[Data provided]
=== Section Start ===

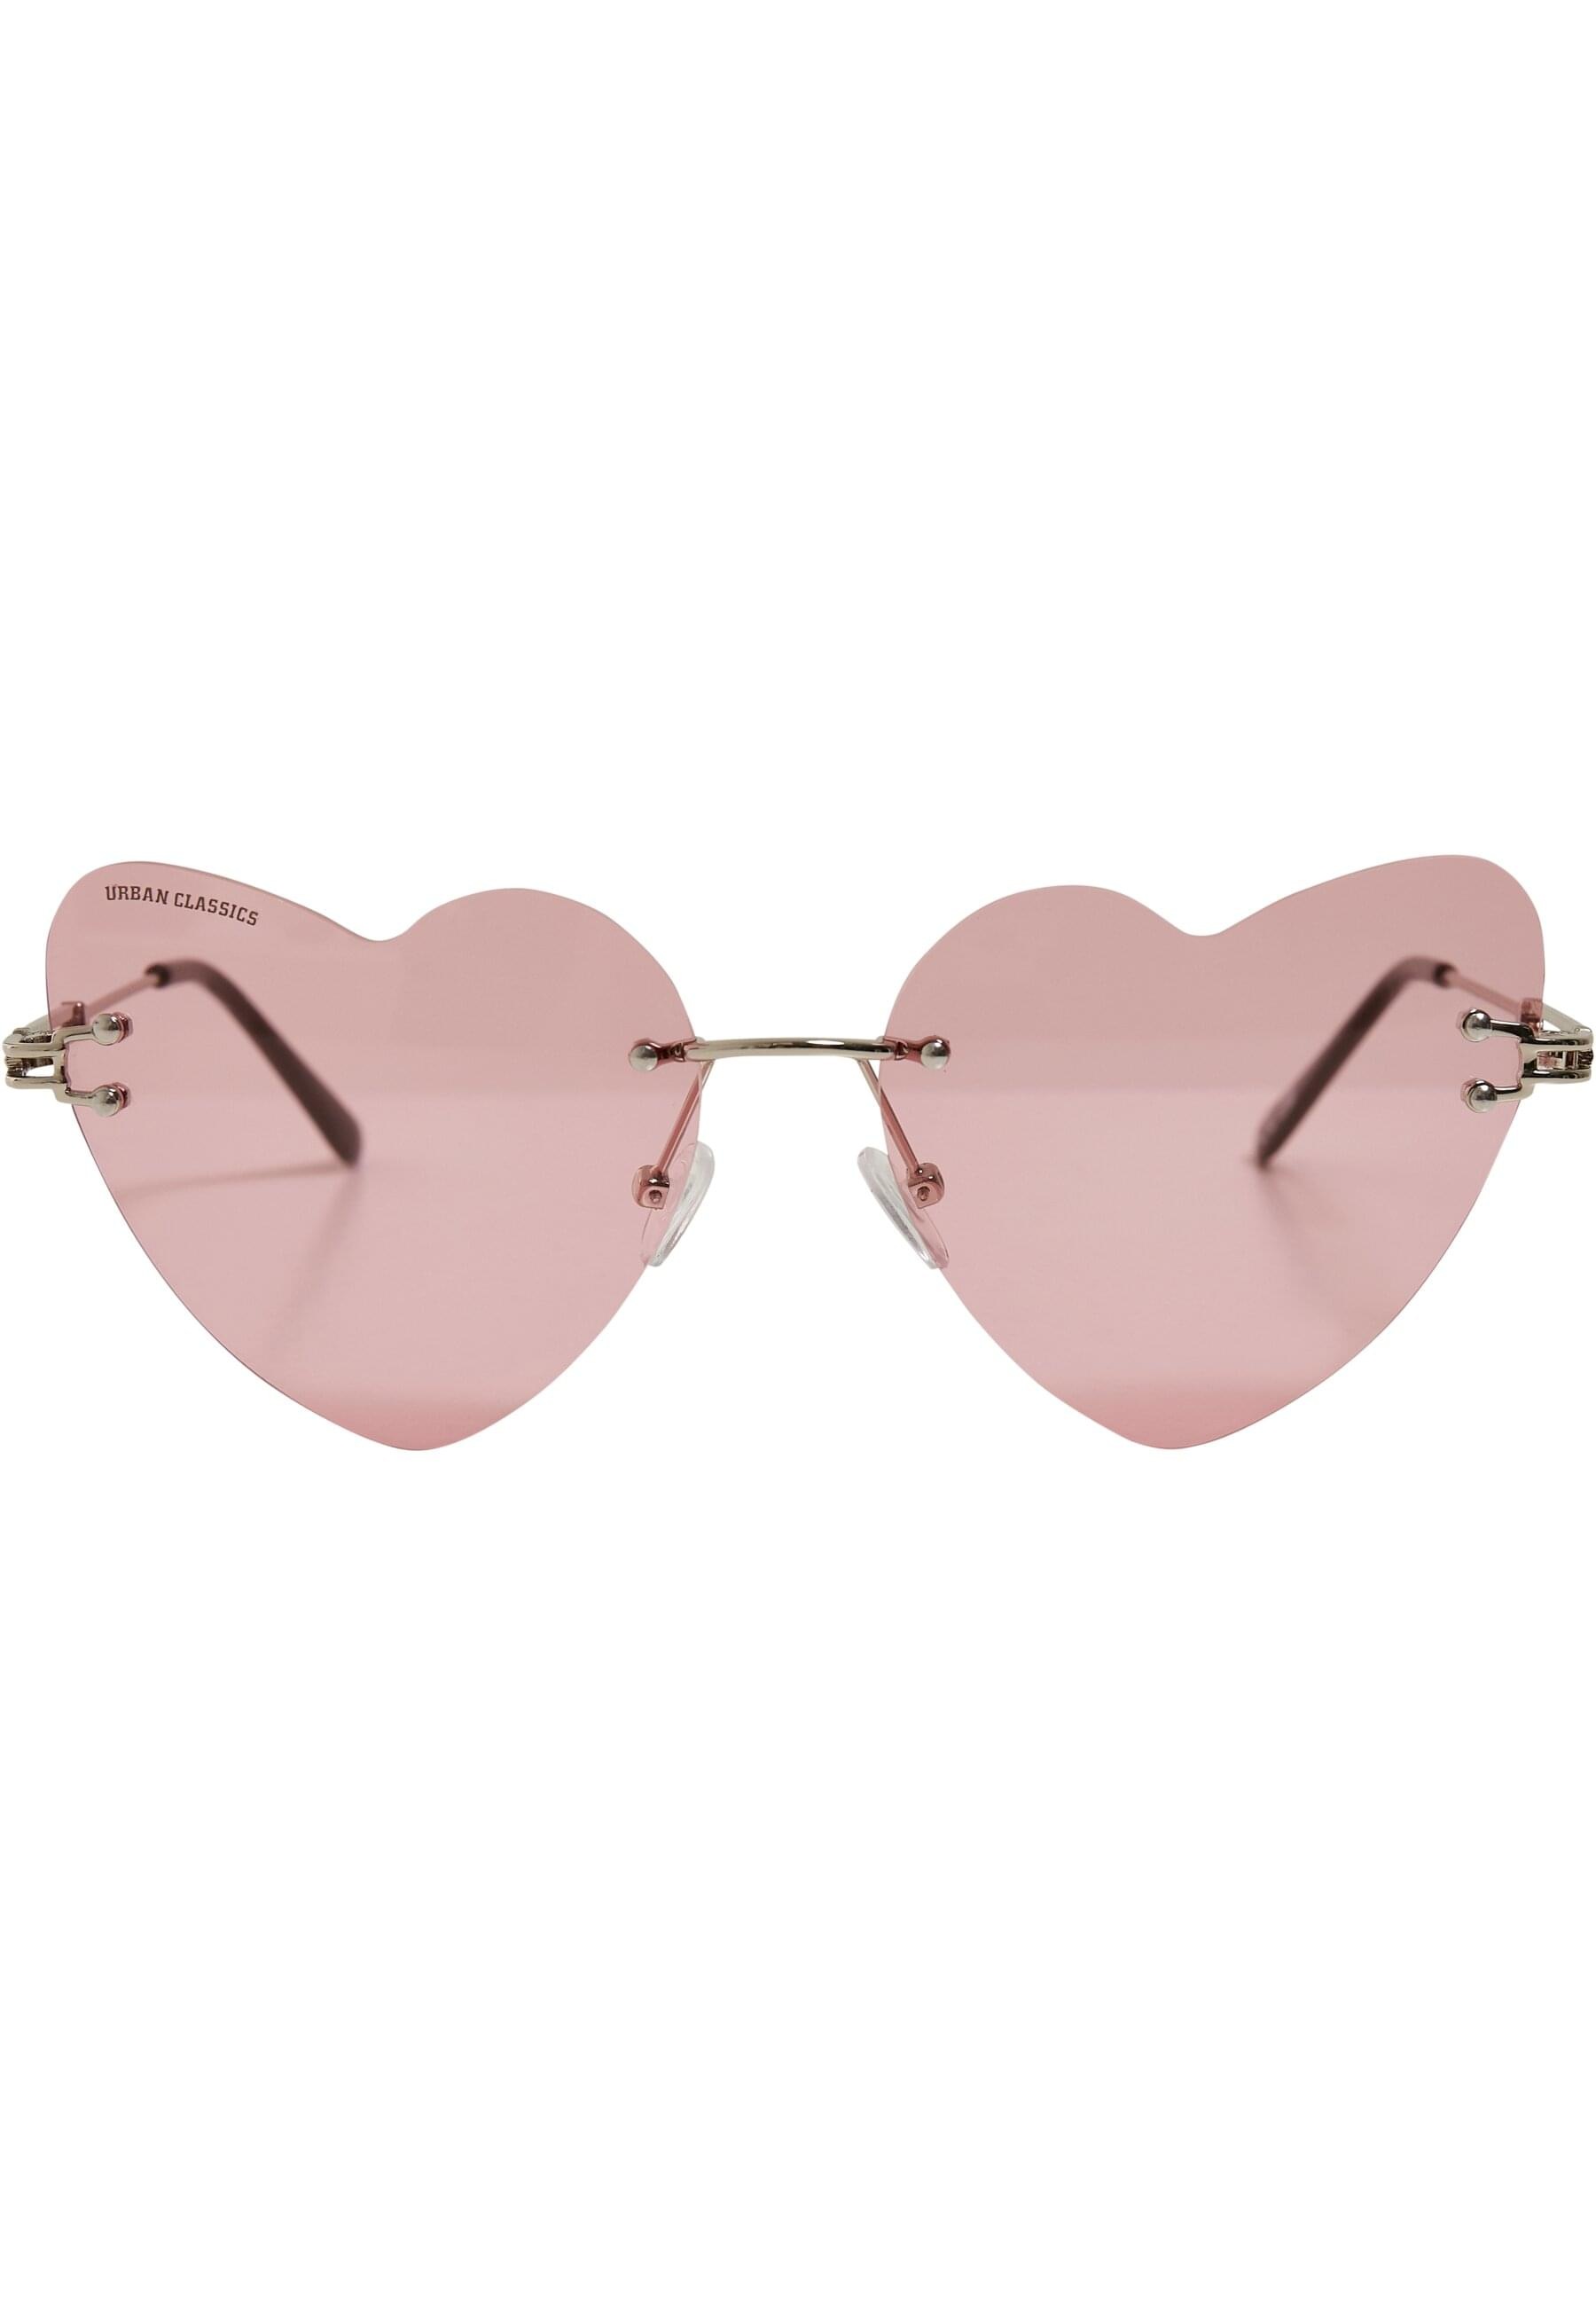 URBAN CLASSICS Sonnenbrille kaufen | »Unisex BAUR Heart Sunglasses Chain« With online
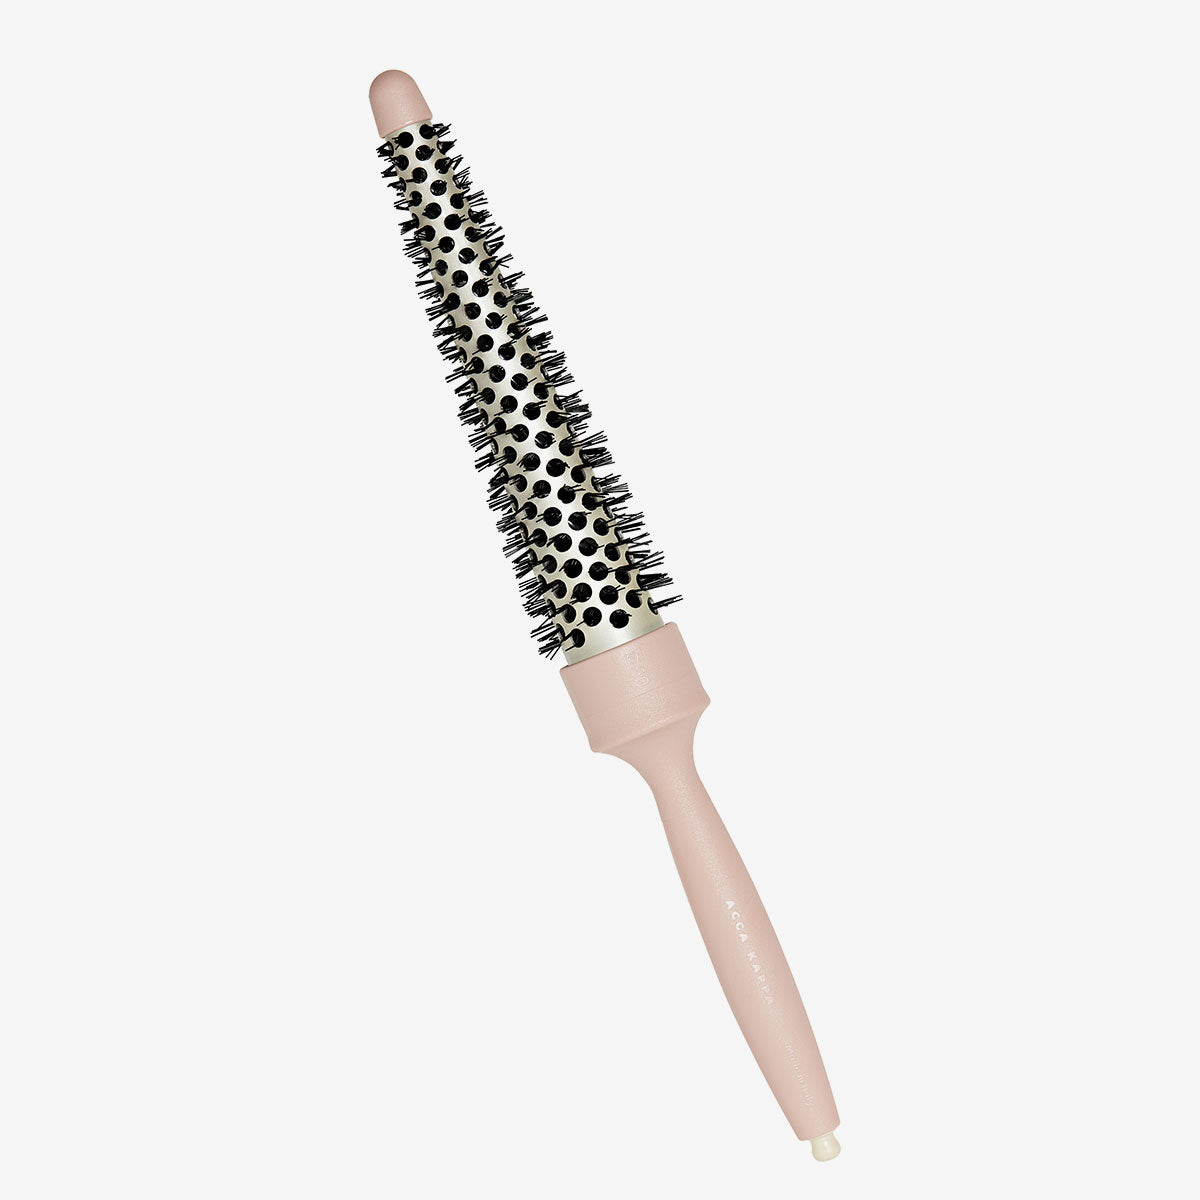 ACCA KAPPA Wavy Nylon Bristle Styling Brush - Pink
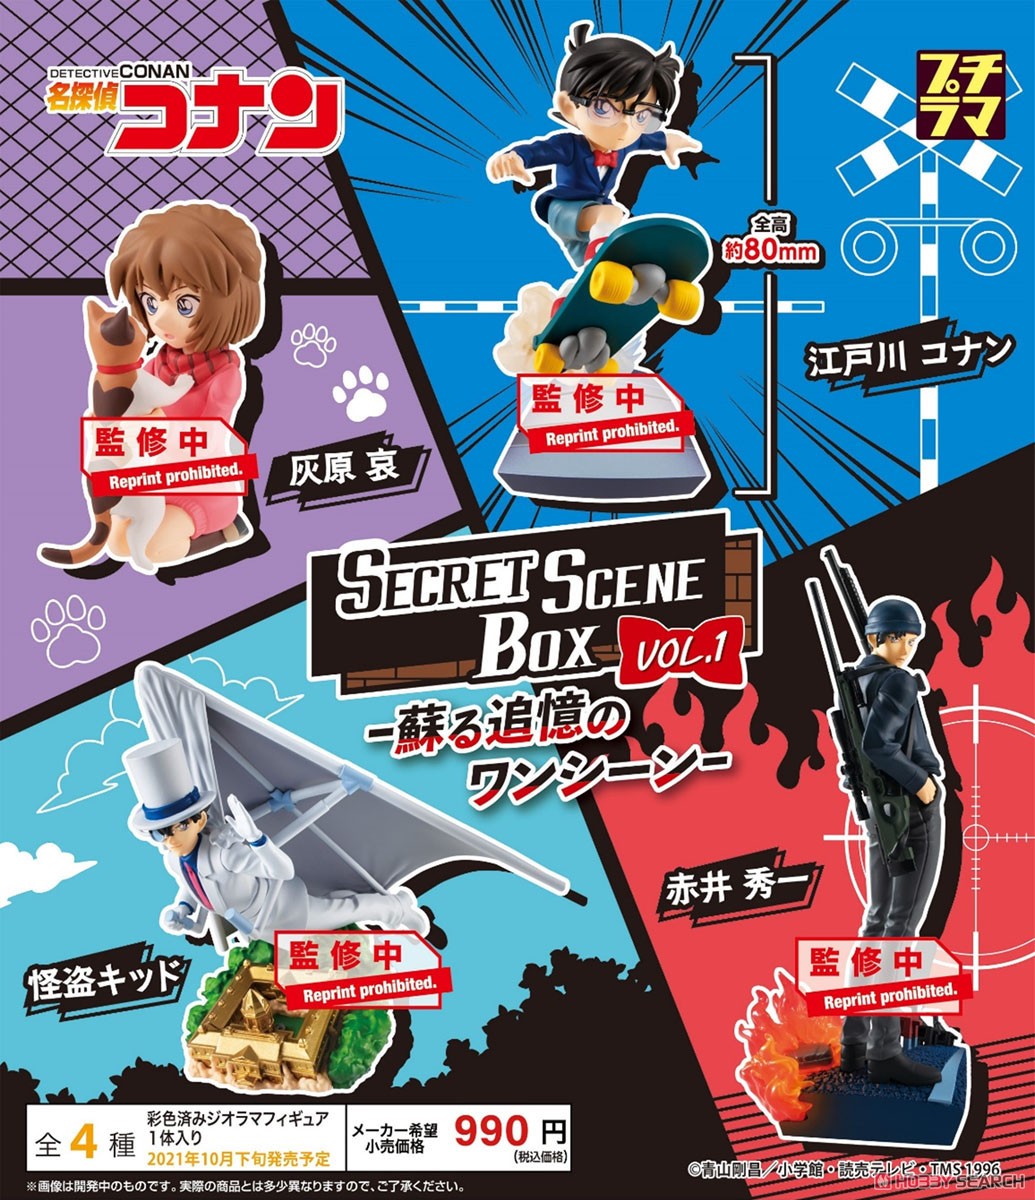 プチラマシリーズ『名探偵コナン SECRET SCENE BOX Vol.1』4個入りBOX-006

=== Section End ===

[Task prompt]
Only an exact copy of the lines from the one with "ACCA KAPPA Wavy" through the last line of the data above is wanted, and no pictures.

[Written answer]
 ACCA KAPPA Wavy Nylon Bristle Styling Brush - Pink
 プチラマシリーズ『名探偵コナン SECRET SCENE BOX Vol.1』4個入りBOX-006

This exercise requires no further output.